“Well, the people at our hospice wouldn’t be doing that.” This is what someone told me at an event I went to on the weekend when I said I specialized in yoga for people at the end of life.
It’s understandable that people think yoga is not for the dying. We’ve all seen Instagram-worthy photos of lithe young people doing mind-boggling yoga poses. But the truth is that yoga is accessible to everyone alive.
T.K.V. Desikachar put it simply: “Anybody can breathe; therefore anybody can practice yoga. But no one can practice every kind of yoga. It has to be the right yoga for the person.”
“Anybody who wants to can practice yoga.”
– T.K.V. Desikachar, The Heart of Yoga
At the end of life, a yoga practice might include gentle movement. Or not. Maybe a deeply relaxing body scan or yoga nidra would offer the greatest comfort. Yoga for palliative care might involve breath work (prānāyāma), but not exactly the way it’s practiced by a 30-year-old in the fullness of health.

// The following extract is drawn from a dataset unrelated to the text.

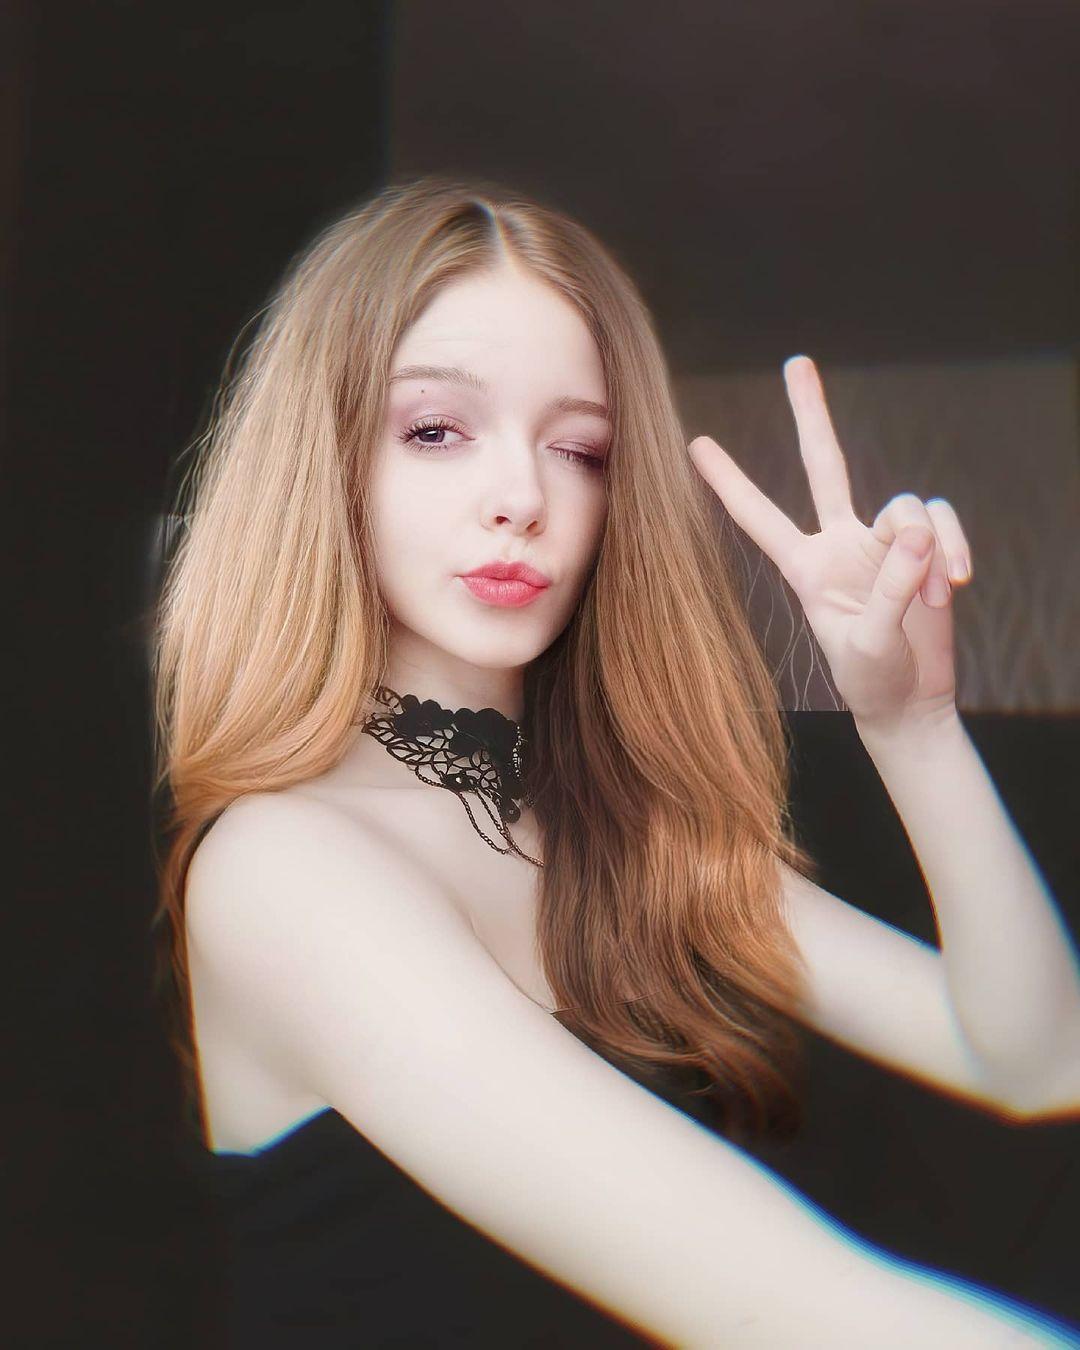 俄罗斯美女Lidia仿若童话世界精灵 纤纤曼妙身姿

As people reach the end of life, the outward concerns of day-to-day life often drop away and they turn inward to their own experience. At that point yoga’s meditation techniques can be a powerful way to make meaning of life and reach a place of acceptance.
Palliative care is for the whole person
As a culture, we’ve leaned heavily on the medical professions to handle death and dying. In the past, people died at home and were cared for by their families. A spiritual guide or religious leader might also be called on to perform last rites. But for the past century or more, we’ve turned to the many powerful tools offered by modern medicine.
Palliative care evolved out of the need to take care of people when medical cures no longer help. Some treatments, at this stage, can be harmful. Curative medicine only takes us so far.
Montreal doctor Balfour Mount coined the term palliative care in the 1970s. He was part of an international movement of health care professionals, led by Cicely Saunders and Elisabeth Kübler-Ross, who recognized patients needed better support in the final stages of life.
The focus is on improving quality of life. It’s the art in shifting from fighting disease to extend life towards comforting the whole person, and their family, at the end of life.
In practice, palliative care is heavily focused on pain management. The comfort offered by controlling pain is extremely valuable. But the psychosocial and spiritual experience of those who are dying is something that few medical professionals are trained to embrace.
The rich tapestry of yoga can pick up some of the loose threads of the medical system.
Yoga relieves suffering
Common symptoms for those nearing the end of life—pain, breathlessness, sleeplessness, fatigue, digestive upset, brain fog, depression, and anxiety—can all be soothed and improved by the right yoga practice and a qualified teacher.
For nearly every condition, from cancer to heart disease to bone fractures, the research shows that yoga helps to relieve symptoms, at a low cost and with no side effects.
To take one example, in 1979 at the University of Massachusetts Medical School, Dr. Jon Kabat-Zinn began researching mindfulness. His program was rooted in yogic techniques like pranayama, progressive relaxation, and meditation.
Clinical trials involving hundreds of patients have shown that mindfulness offers relief to people suffering from pain and anxiety, including those at the end of life. Mindfulness is now offered in over 700 hospitals around the world.
A personal experience
My mother struggled with breathlessness in the weeks leading up to her death. Her medical team at the hospital was excellent. They stepped in to provide the right medications and oxygen when my mother panicked from the lack of it.
As a complement to her medical care, I did gentle exercises with her to regulate her breath. A simple arm movement to stretch the lungs, inhaling as she raised one arm, exhaling as she lowered her arm. We had practiced this movement and breath in our weekly chair yoga lessons before she was diagnosed with cancer, so she knew what to do.
Not only did this simple practice allow her to breathe easier, but it helped to calm her nervous system. It gave her something positive to focus her mind on.
The day before my mother died, I sat by her bed in the hospital and offered her a quiet meditation based on imagery that was meaningful to her. She had not opened her eyes or spoken for several days. But hearing is the last sense that remains for many through the dying process, and I believe she could hear my words. Yoga gave us a way to connect in her last days.
Yoga is accessible to anyone
Not only is yoga accessible to people facing death, but also it promotes well-being in mind, body, and spirit. In the true spirit of palliative care, yoga embraces the whole person to ease physical symptoms and calm anxieties that naturally arise at the end of life.
Yoga is, above all things, a way to regulate energy, or prana, the life force within each of us. As long as we’re alive, a yoga practice can be adapted to the abilities, needs, and goals of anyone who wants it. This includes those in palliative care. We never need to feel limited about our ability to find comfort and strength through yoga.